I’m experimenting with using Ray to offload compute from within Jupyter notebooks. Some functions will be more efficient if I let them do their own threading (e.g. for RAM or cache reasons) and that will also improve interactive latency. I’m hoping for a way to mark those as remote and have Ray schedule them so they take up all CPUs on whichever host they land on. Is there a way to do this?
I’ve checked to see if num_cpus=-1 get special treatment (no) and considered adding a new pseudo-accelerator (kludge and doesn’t really solve the problem). Am I missing something obvious?
Locally yes, and AWS yes (but a different #). I’m hoping to avoid the notebooks needing to know the worker host details (and updating that by hand when I switch environments) though I can see how that would be a workaround.

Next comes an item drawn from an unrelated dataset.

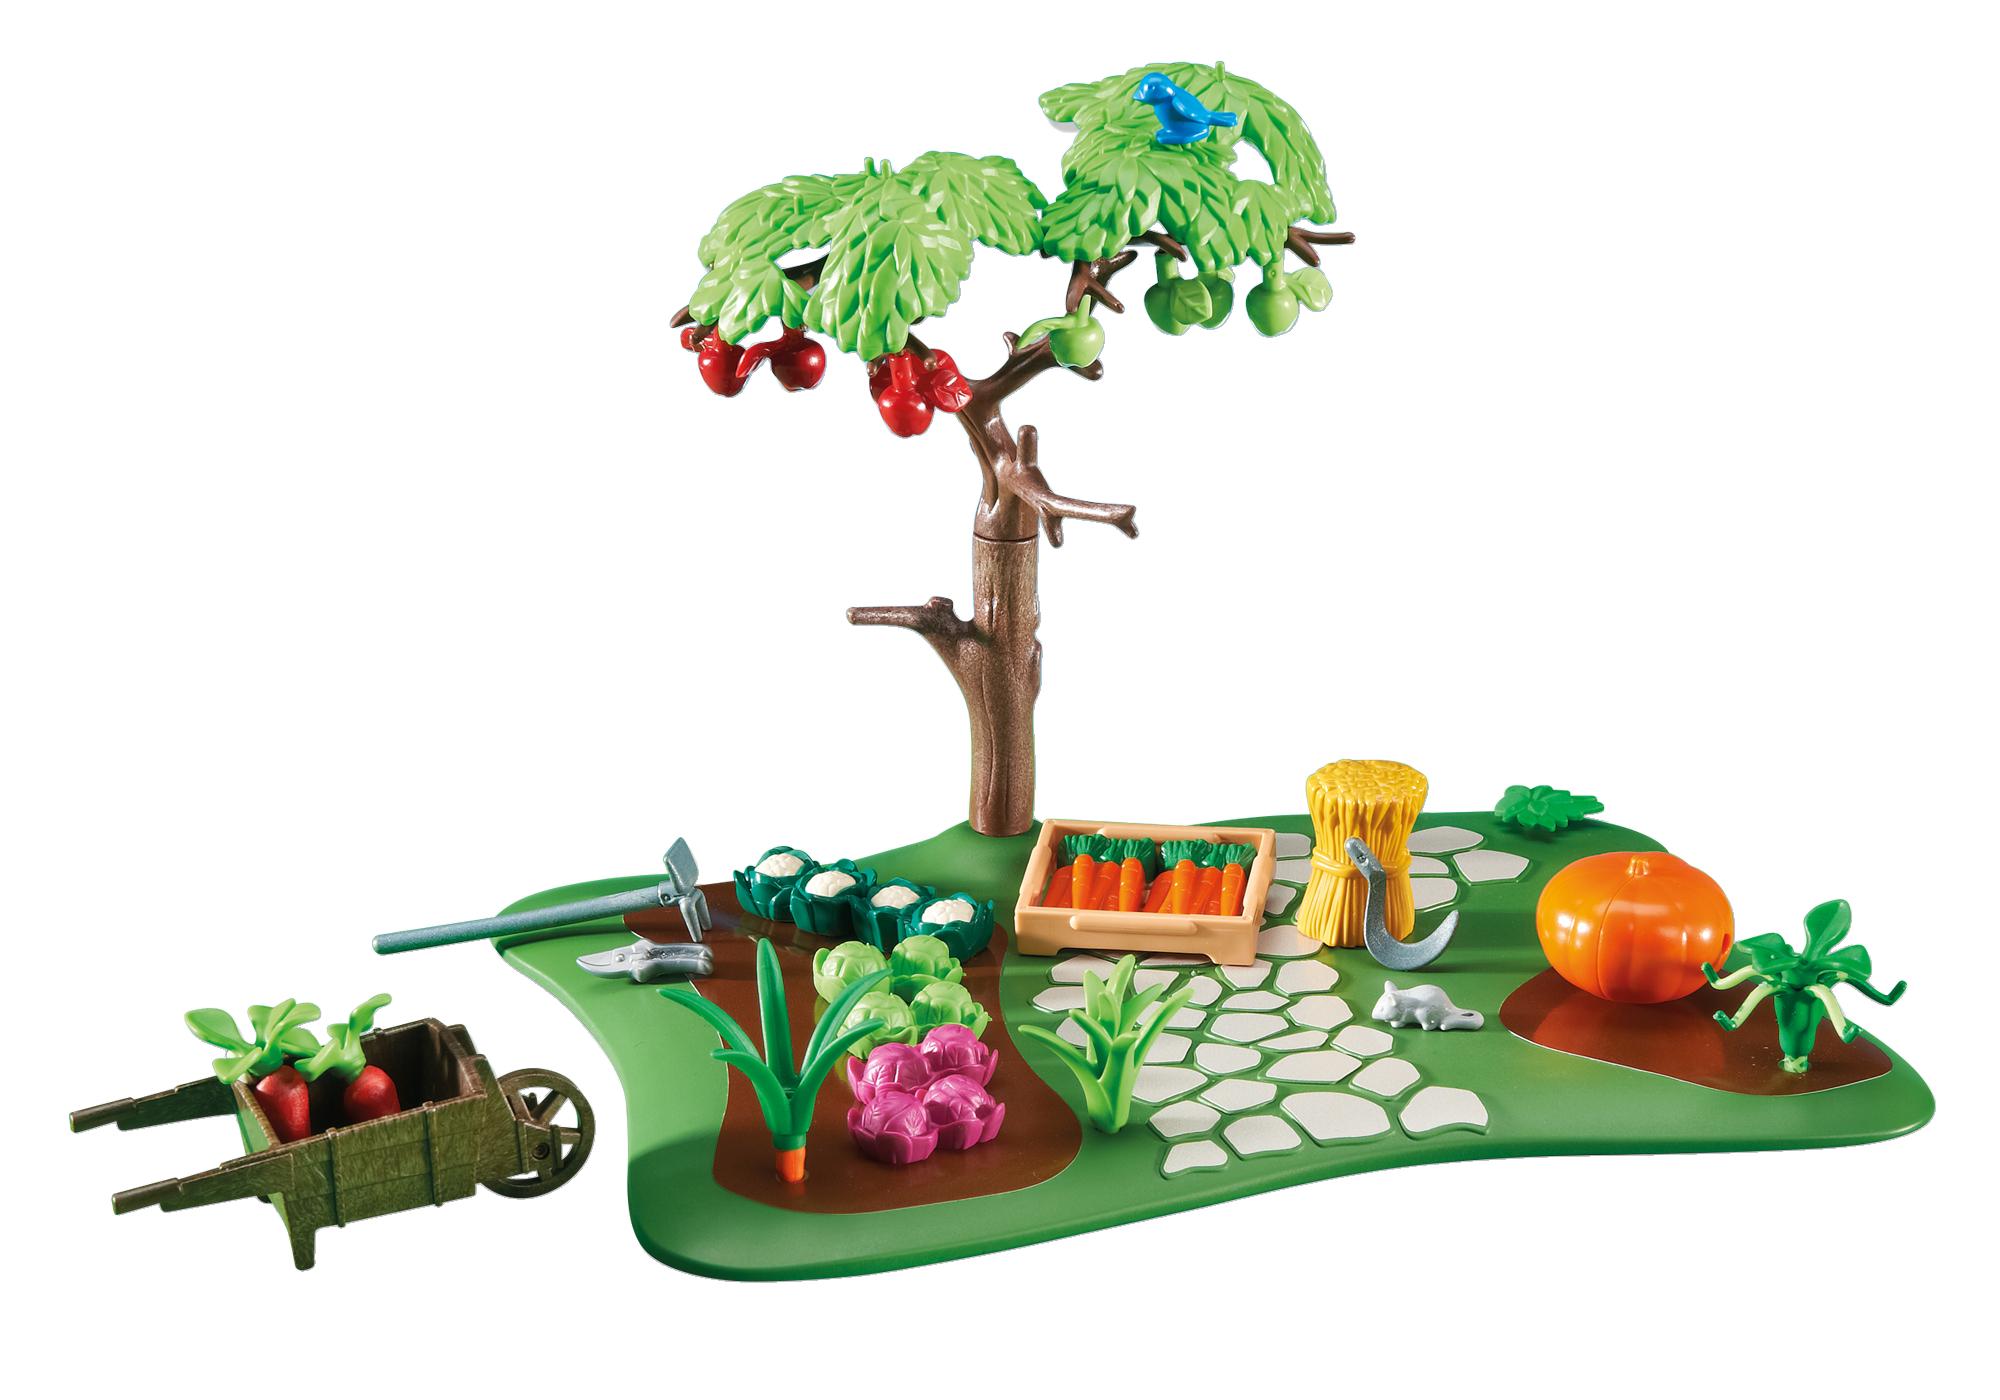 http://media.playmobil.com/i/playmobil/6417_product_detail/Obst- und Gemüsegarten

That won’t work because ray.cluster_resources() gives you the totals but not the per-host details. It turns out an easy kludge is to make a new resource type “node” that is 1.0 per node, a little ugly but gets the right behavior and could be put into a wrapper library.

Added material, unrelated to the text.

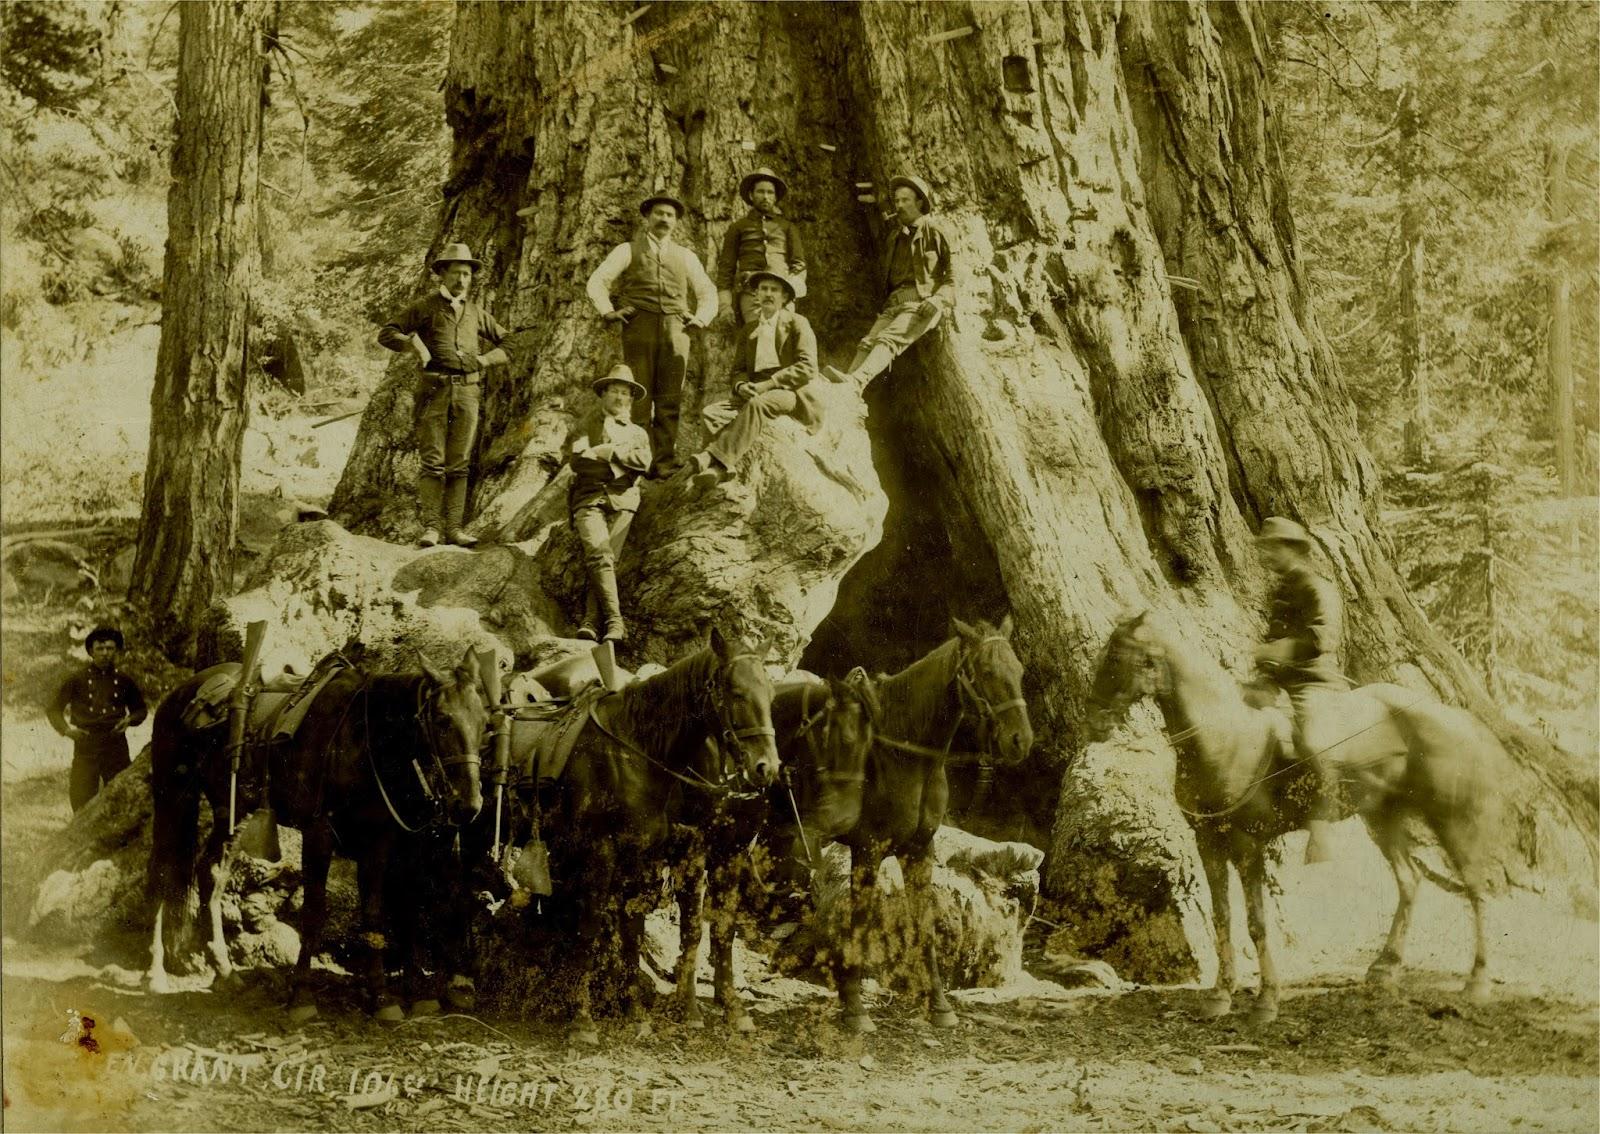 ... cavalrymen.... R C Moore Lumber Company

@ray.remote(resources={'node': 0.001})
def foo(x):
time.sleep(1+random.random()*0.01)
return x
@ray.remote(resources={'node': 1})
def bar(x):
time.sleep(1+random.random()*0.01)
return x
Above foo() will bottleneck on cores while bar() won’t be scheduled until it has the node all to itself.

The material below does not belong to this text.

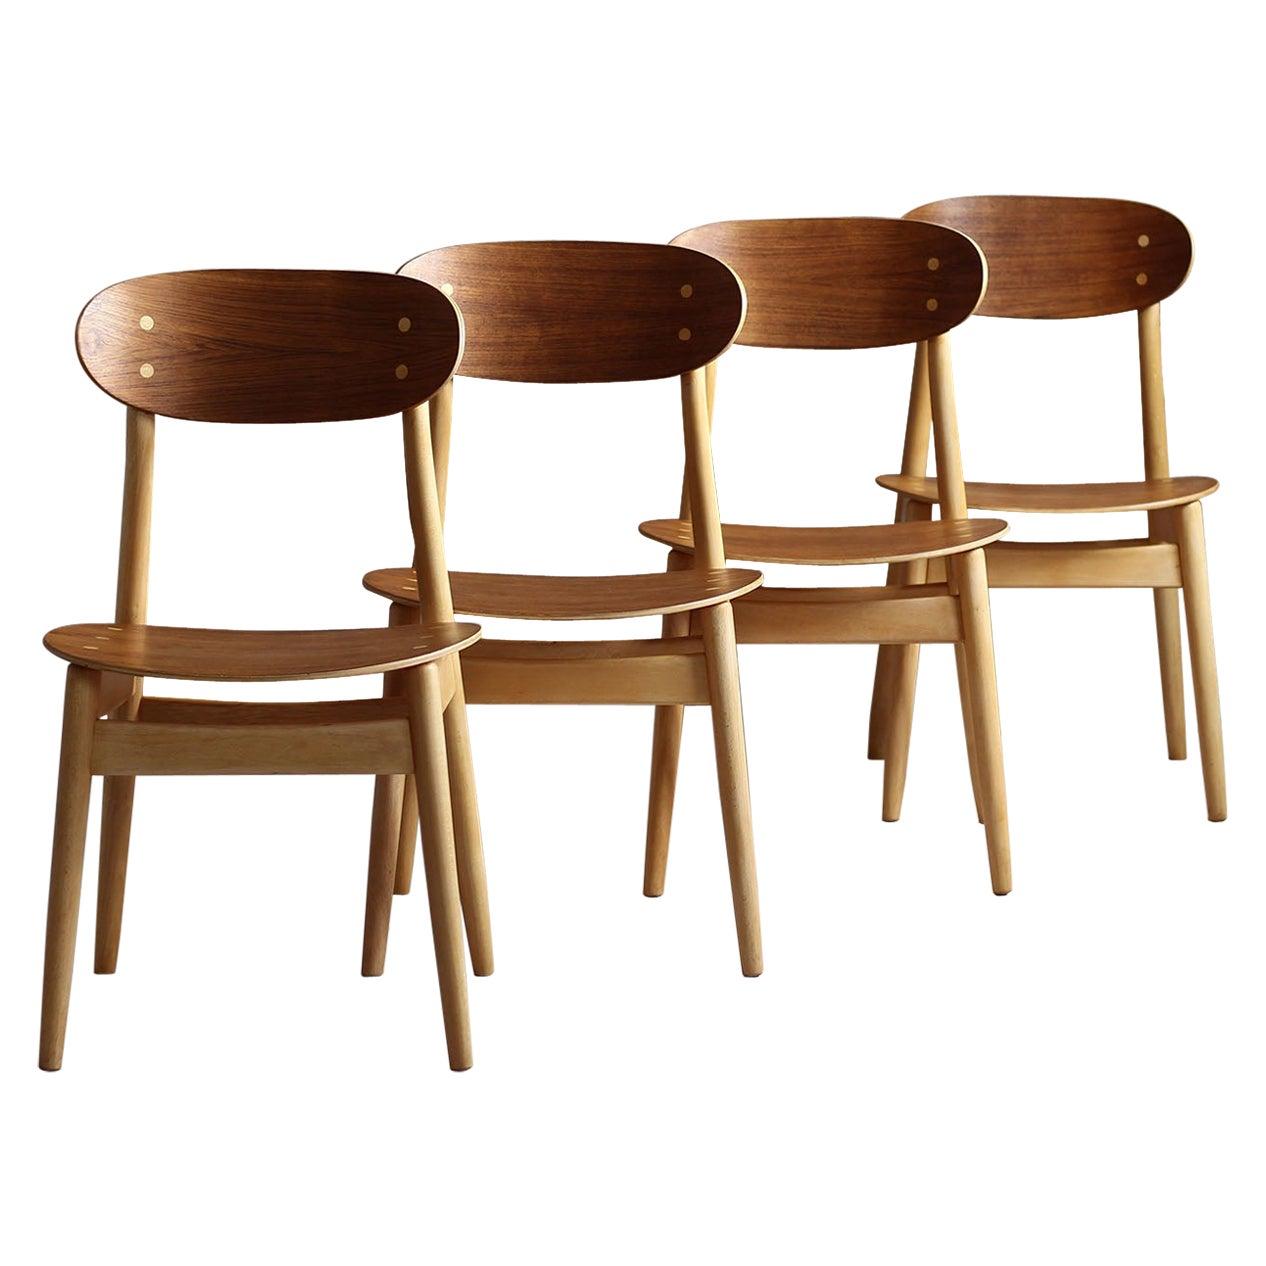 Set of 4 Dining Chairs by Sven Erik Fryklund for Hagafors, Sweden, 1960s

node_ids = {node_id for node_id in ray.cluster_resources() if node_id.startswith("node:"}
@ray.remote
def func(...):
pass
[func.options(resources={n: 1}).remote() for n in node_ids]
Ok thanks. It’s probably not spending more time polishing this but the case where I end up wanting to do this is in compressing video after generating an image sequence. Easiest path is to run ffmpeg as a subprocess, letting it use all available cores is desirable so I can see the output sooner.